CALL for education 10

Abstract:
This paper was written as a report to the British Council's English Teaching Advisory Committee, July 1983.
Despite current feelings among many that testing has come of age in CAI, there are several areas where we are still in need of better understanding. There are a number of testing techniques which can be effective if matched to our needs. One effective way to describe testing purposes and techniques is to describe the relationships between the population of all possible test items, the actual sample of this population to be used, and the learner's control of this sample. Only when correct principles of traditional testing are used, can we tap the usefulness of the computer's speed and memory to assist either the teacher or the learner.

KEYWORDS: testing, interlanguages, cloze tests, achievement tests, proficiency tests, aptitude tests, diagnostic tests, test samples.
Language testing is an obvious computer application, too obvious perhaps. Computer Assisted Language Learning (CALL) covers more, however, than just testing and drilling (Last, 1982). At the moment, CALL exercises appear to be more of a testing type than of a teaching type (Page, 1982). The climate of opinion today seems to be that we know about testing in CALL and it is time to move on to other applications. In this paper I question both the assumption that we know what to do with CALL testing and the obviousness of testing for CALL. I don't think we really do know what to do. The published evidence is largely programmatic and, where data-based, very sketchy and quite vague. Nor am I convinced about the general benefits of the computer for language testing—although it is true, I think, that there are some benefits—these are limited and need to be carefully spelled out.
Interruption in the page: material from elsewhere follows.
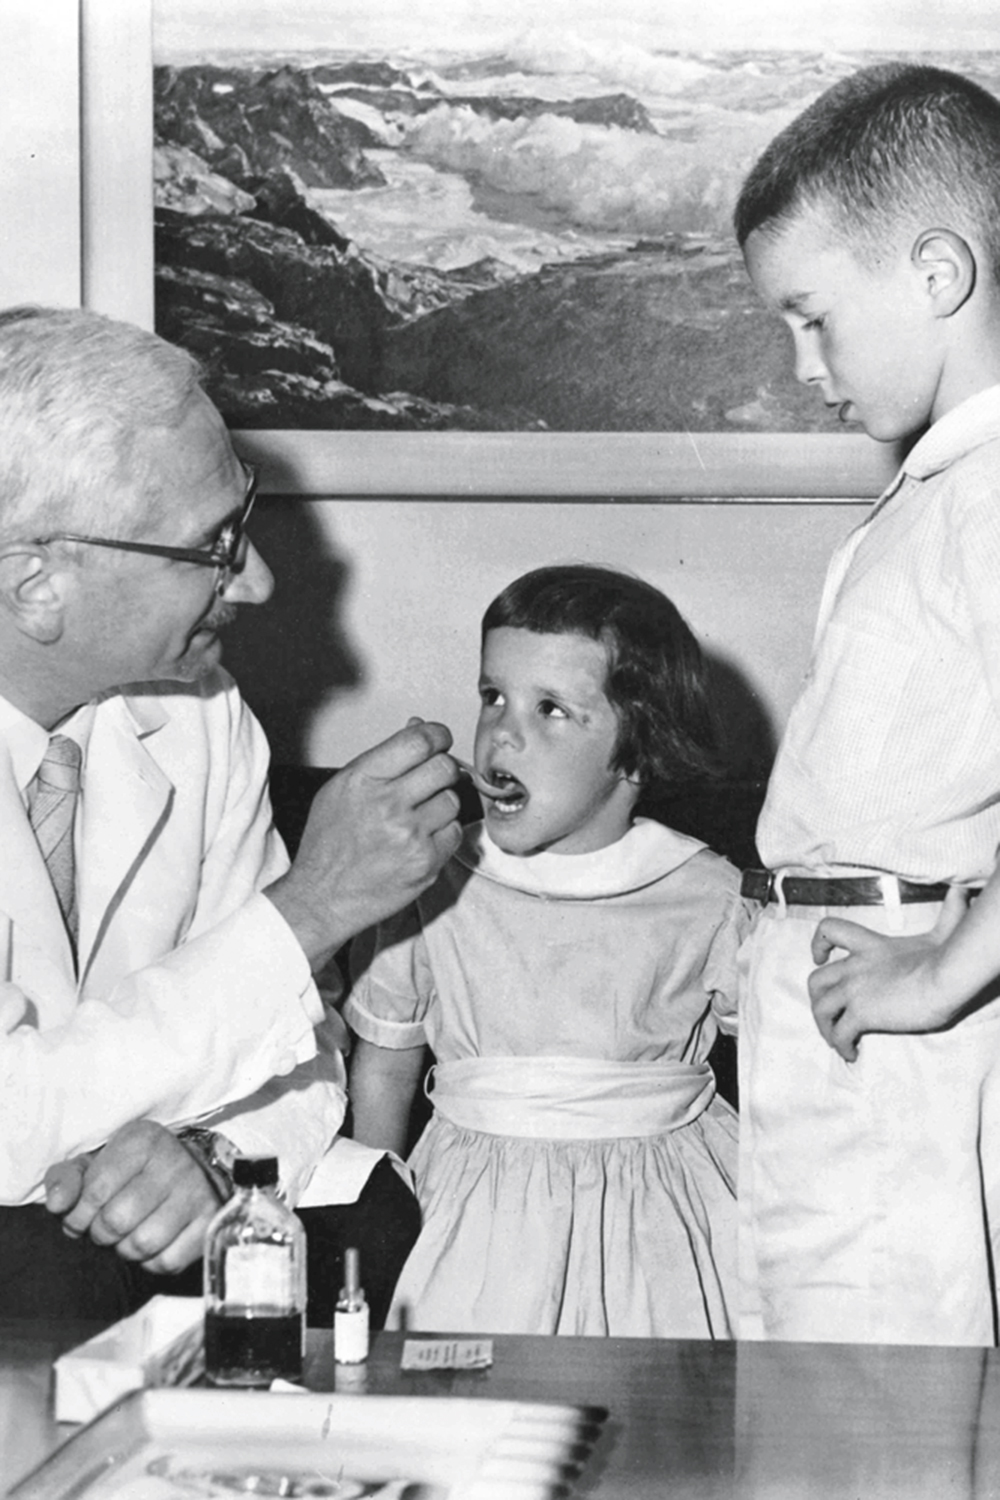 QUASE ERRADICADA - O pesquisador polonês Albert Sabin desenvolveu, em 1960, a vacina contra a poliomielite. O imunizante, feito com o vírus vivo, tornou-se rapidamente a única vacina contra a pólio utilizada e ajudou o Brasil a erradicar a doença em 1994. Apesar dos esforços de Sabin, da OMS e da ciência, a pólio ainda não foi erradicada no mundo -

A Look at Current Thinking
Wise (1983) makes a distinction between computer managed instruction (CMI) and computer assisted instruction (CAI). In CAI, testing is one of the major areas of use (the others are record keeping and student branching). The advantages of having students tested on the computer revolve mainly around the ease of evaluation and subsequent assigning of suggested course activities for the student as a result of the evaluation. Under CAI, Wise deals with what he regards as a major attribute of mainline CAI which is its ability to account for individual differences by helping individual students. Weible (1980a) agrees that the computer's chief advantage over all other instructional media (is) its potential—when properly programmed—to adapt its presentation of material to the specific needs of the individual learner. In a paper dealing with the teaching of reading skills, Weible (1980b) describes the development of a computer program which teaches high frequency vocabulary, basic syntax, and reading skills entirely through the inferring of meaning from contextual indicators (inferencing). This approach is made accessible to students wholly unfamiliar with the target language by initial reliance on a largely native language context. What is interesting here is the connection of successive approximations (i.e. interlanguages) to the target language with linguistic redundancy, since it must be the case that at the point of each successive approximation the ink (e.g. target language word) must be redundant, i.e. its meaning (of whatever kind) conveyed by context. If that were not the case the learner's gradual change from one interlanguage to another would be random. There are interesting implications here for the understanding of second language learning.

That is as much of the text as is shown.